In 2013, the country adopted a communications law that is one of the "most regressive that has been promulgated not only in Ecuador but in the Americas in the last decade," Lauría told VOA.
As CPJ explained, Villavicencio then riled up authorities over an article he co-wrote criticizing the government’s legal wrangling with the U.S.-based oil company Chevron. The writers were accused of illegally obtaining and disseminating government officials’ personal emails.
Protective order
Villavicencio traveled to Washington in 2014 to get a protective order from the Inter-American Commission on Human Rights. Ecuador’s government said it would not recognize the measure.
The latest of Villavicencio’s nine books – “The Oil Holiday,” published in March – contends that intermediaries in Venezuela’s oil deals with China profit at the public’s expense. “Great wealth went to particular pockets,” Villavicencio told VOA.
His wife promotes the books, not just because of their content but also because royalties support the couple and their three children, ages 17, 12 and 5. But the publicity also has exacted a price.

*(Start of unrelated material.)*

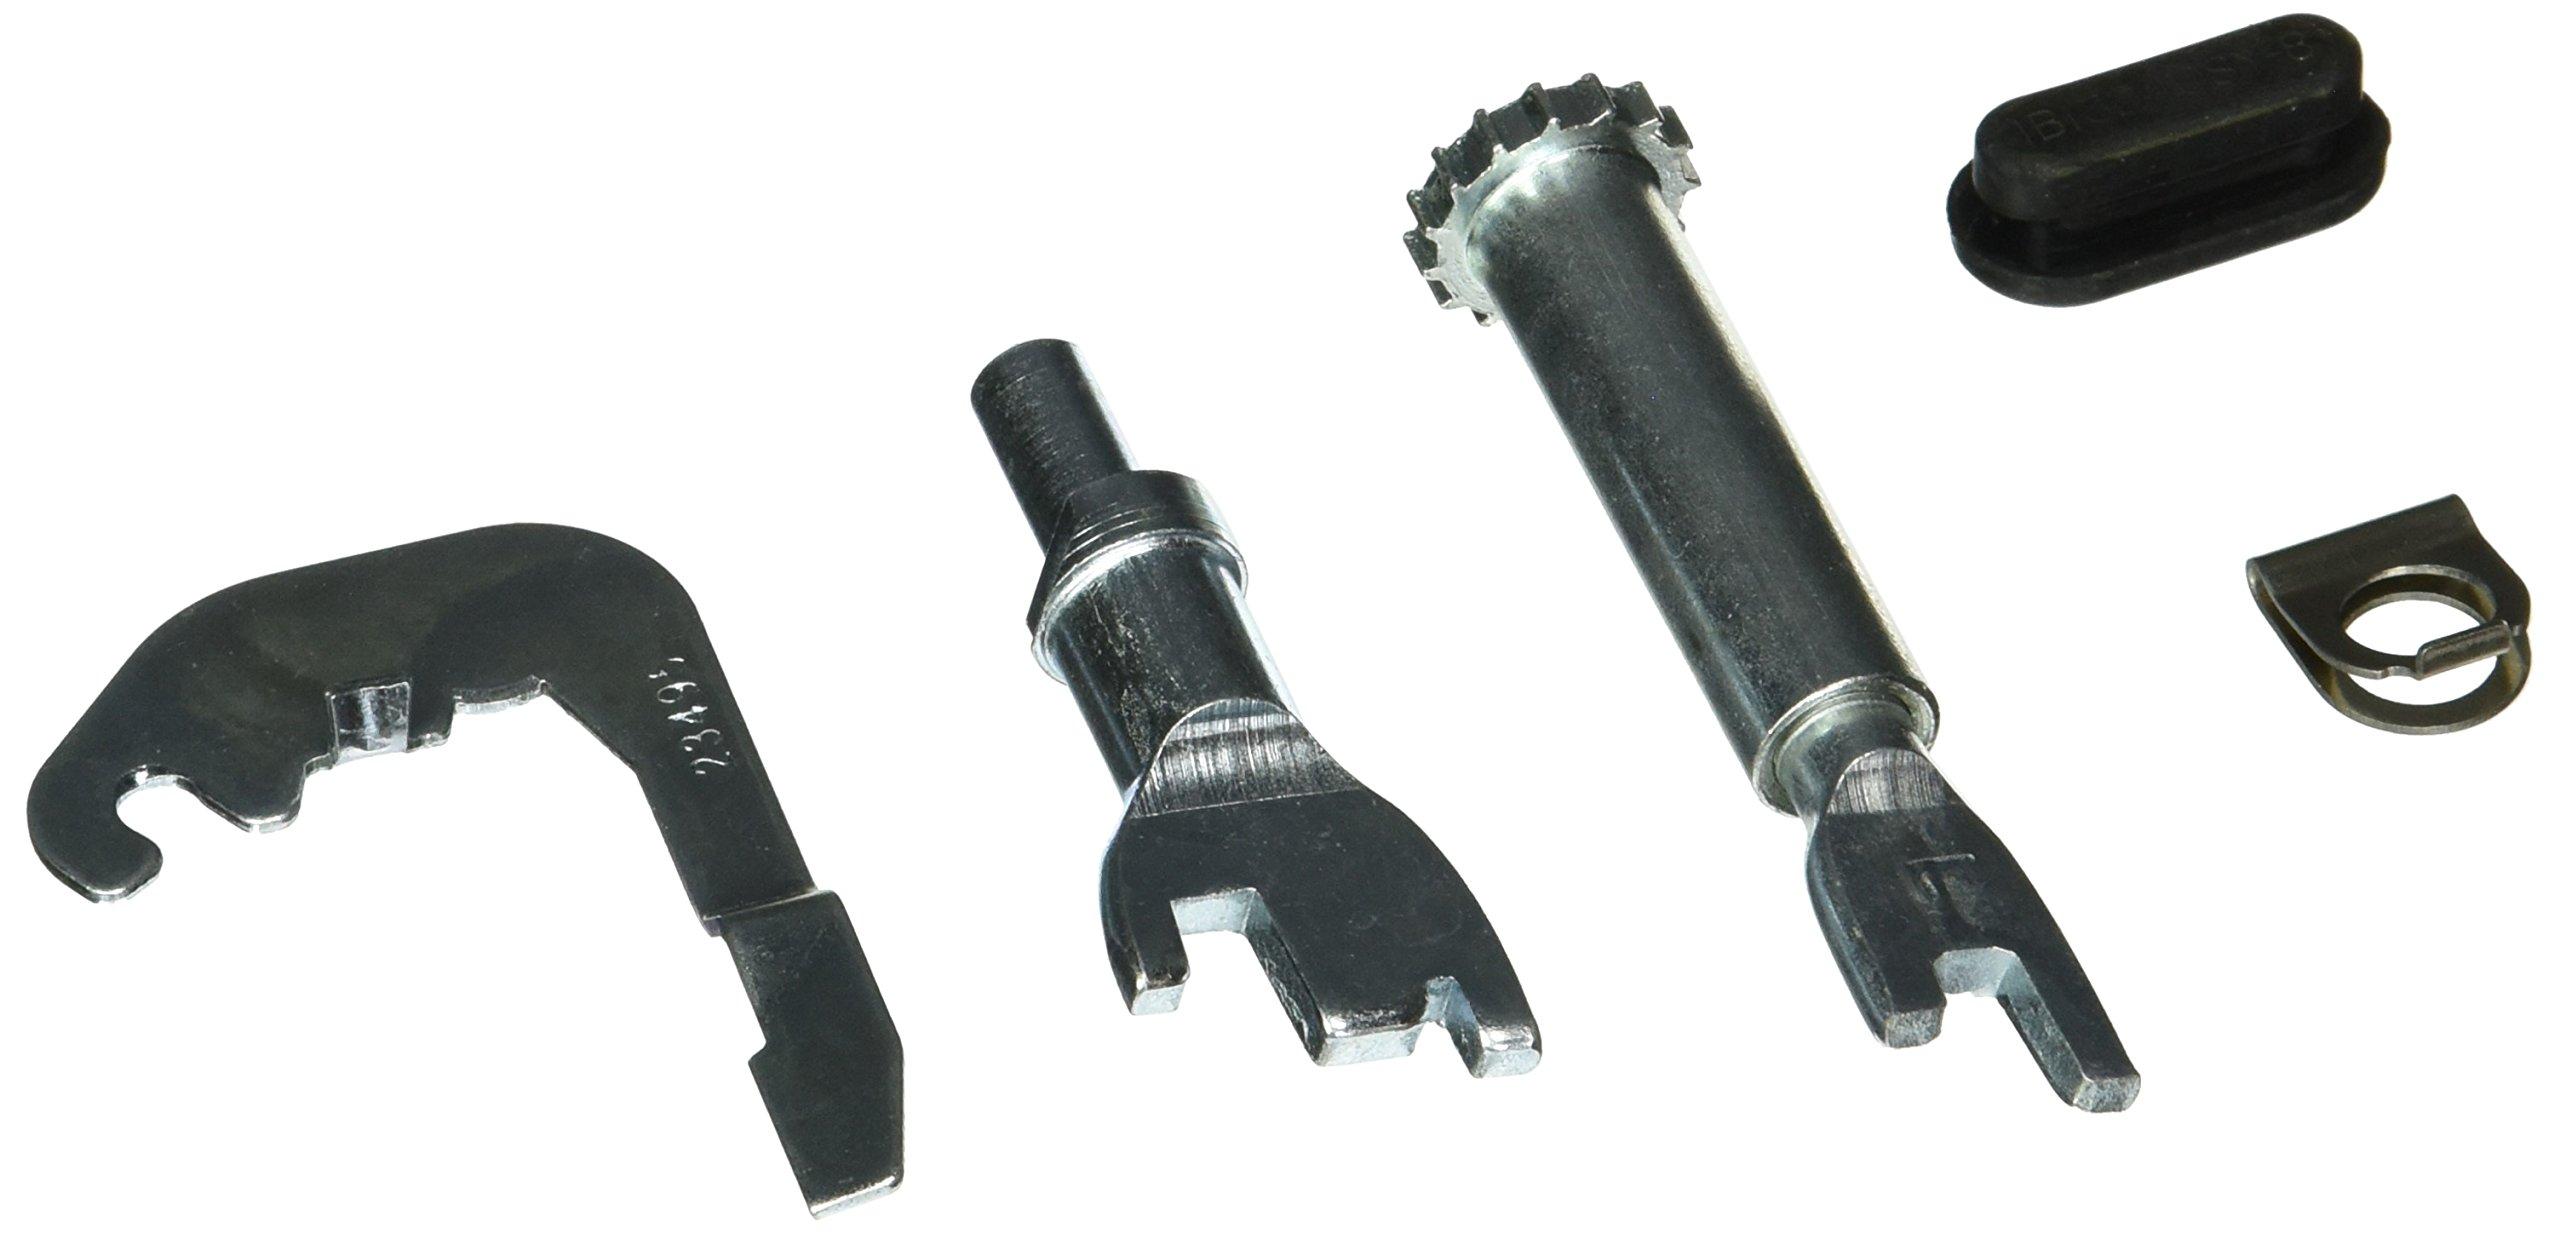 Wagner H2718 Drum Brake Self Adjuster Repair Kit, Rear Left

“People have called our home and said if I don’t shut up, they would attack our youngest kids,” Sárauz said.
The family and Villavicencio’s other supporters had hoped that Ecuador’s April 2 presidential election might bring an end to what they call his “persecution.”
Conservative candidate Guillermo Lasso had said publicly that, if elected, he would let Villavicencio “live peacefully.” But socialist candidate Lenin Moreno – of Correa’s PAIS Alliance – edged out Lasso, claiming 51 percent of the runoff vote to Lasso’s nearly 49 percent. He’s scheduled to take office May 24.
Villavicencio, who had considered running for an assembly seat last fall, left Ecuador for Peru shortly after the election.
He sees Ecuador headed down the same dangerous path as Venezuela, telling VOA his homeland struggles with corruption, debt and a lack of government transparency. “Media have been closed, journalists have been persecuted. There is self-censorship of the media. … We have had to migrate to the internet to publish research,” he said.
This week, Ecuador’s government said it would fine seven news organizations for not reprinting an Argentine story that accused Lasso of tax evasion – a charge he denied. The government later backed off imposing fines.
Giselle Jacome contributed to this report.